# Birth positions with continuous monitoring



## embojet

So I will probably have to be monitored continuously during my labour which sucks as I'd really like to be active. Are you literally stcuk laying on your back?


----------



## snowfia

I was continuously monitored and i was on my knees leaning on the back of the bed.
Before i started pushing i was on my back so they could do an internal but when i needed to push i asked if i could turn over because i really didn't want to be on my back.

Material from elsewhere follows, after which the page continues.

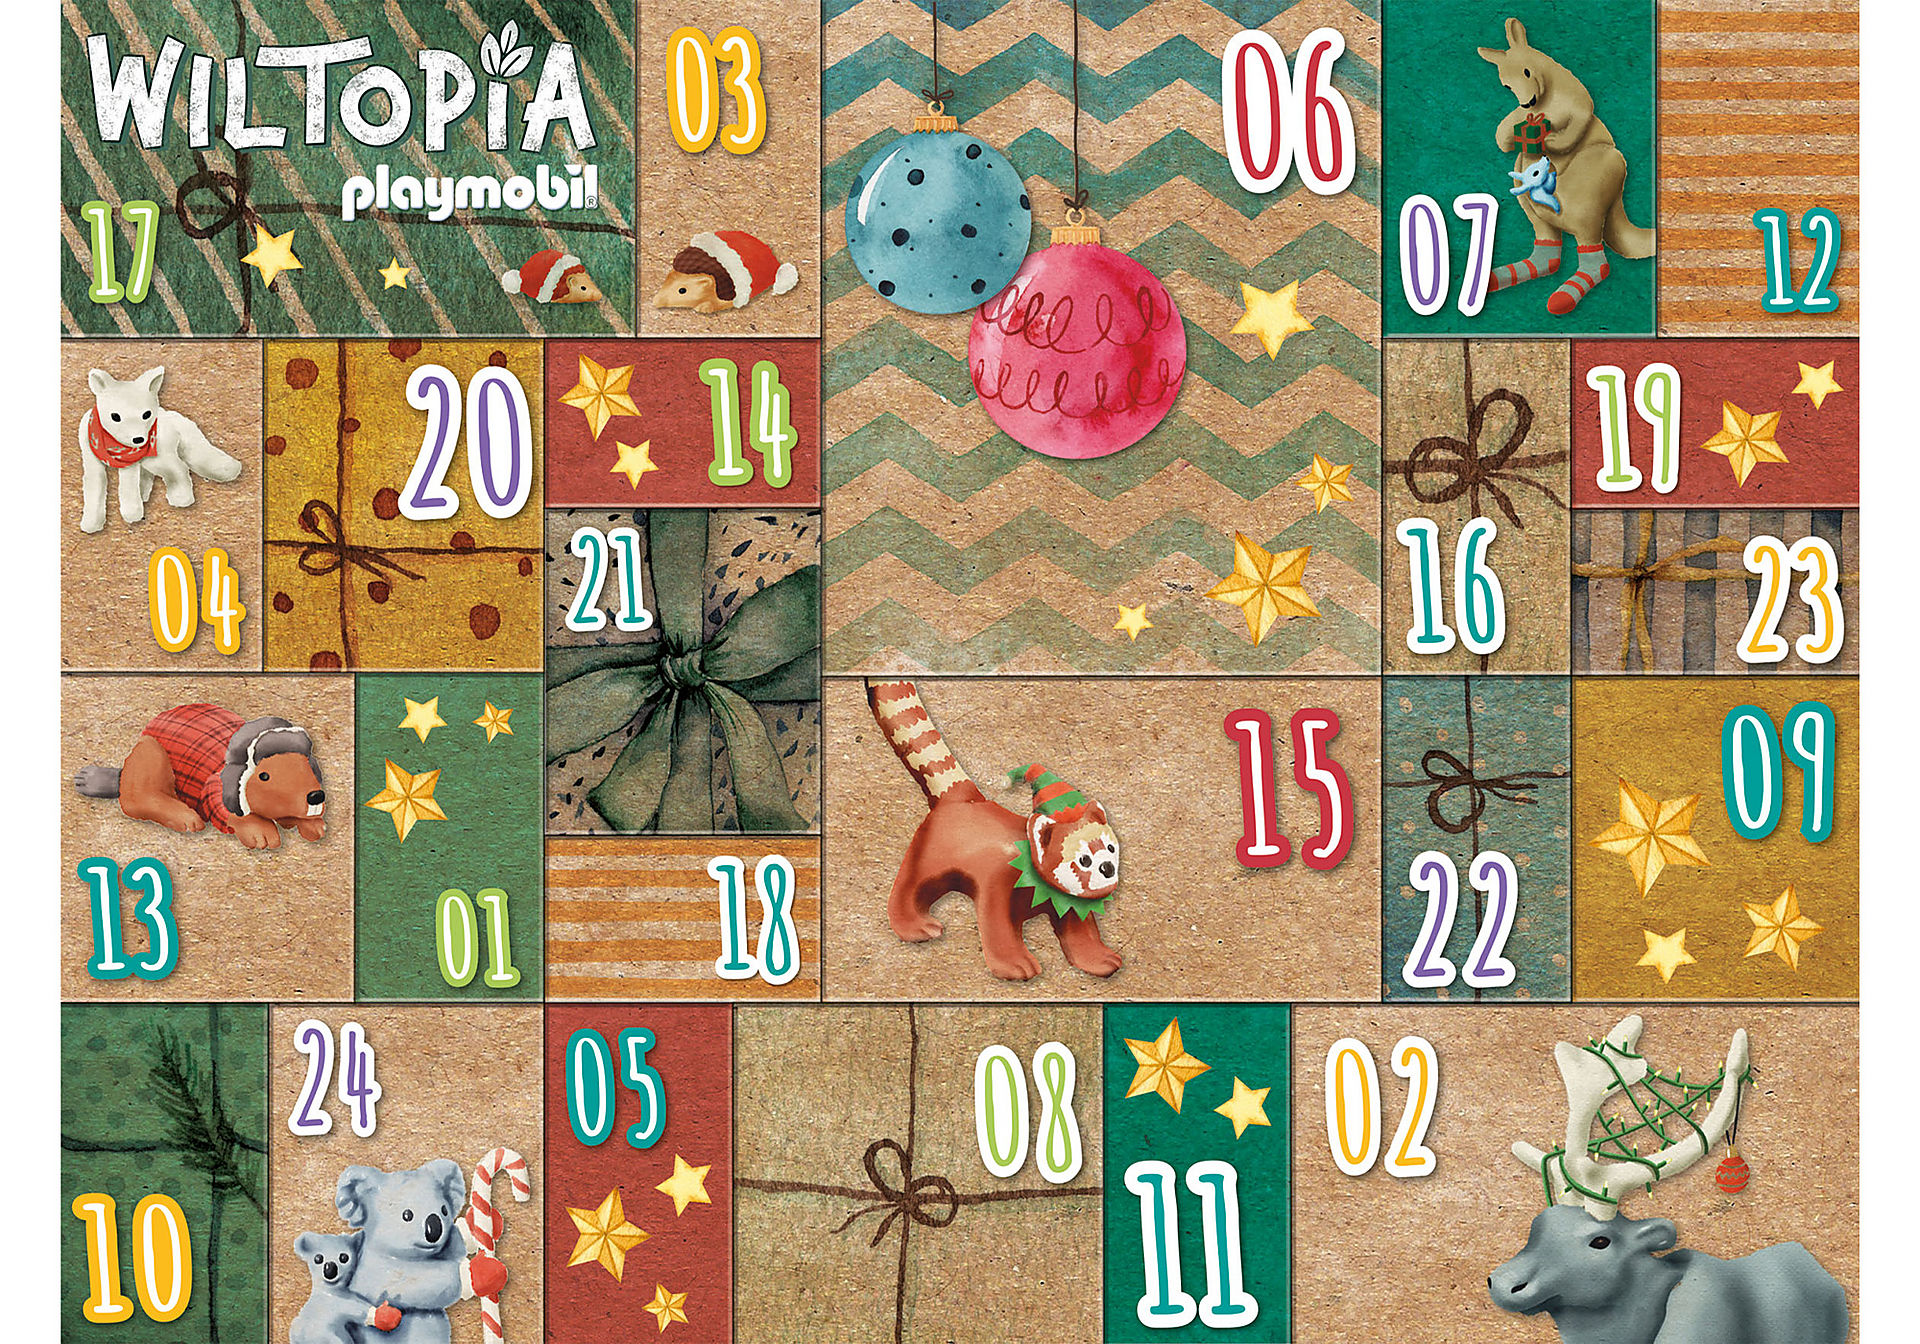 71006 Wiltopia - DIY Calendário do Advento - Via zoom image4
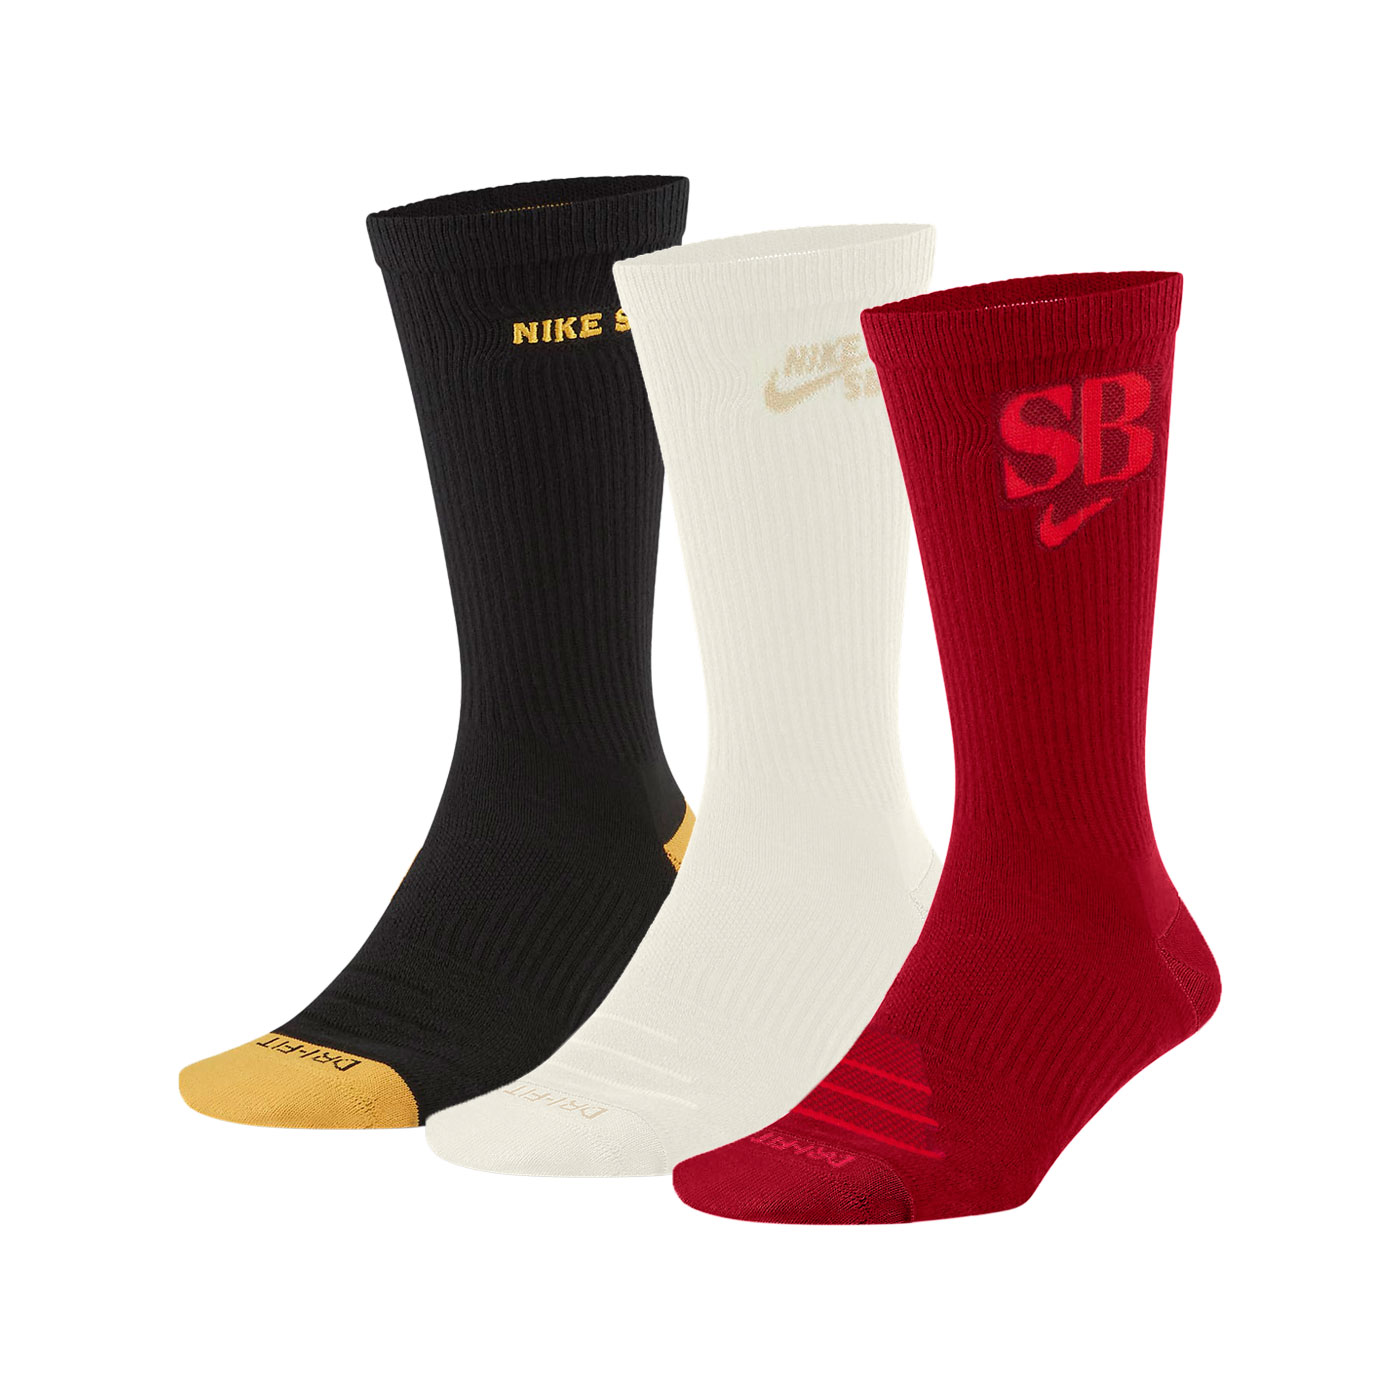 NIKE 襪子(三裝入) DA8852-902 - 黑白紅黃

You can be in practically any position you want even when being monitored. They just don't like it because it's more awkward for them. Just stand your ground if you want to be moving about or in a different position :)


----------



## stardust599

Stand your ground. I wasn't allowed (or thought I wasn't but now I realise it should have been my choice) to move off my back because it was making monitoring difficult. In my notes it says a few times "choice of position interfering with CTG monitoring" quite a few times from when I rolled or sat up with the pain and I was immediately told to lie back down so they could hold the monitors on. Horrible. When pushing my daughter was trapped because I was on my back so I didn't listen and just turned myself over (the aren't allowed to stop you doing anything) and she was out in 3 pushes (from being trapped at crowning for 30mins)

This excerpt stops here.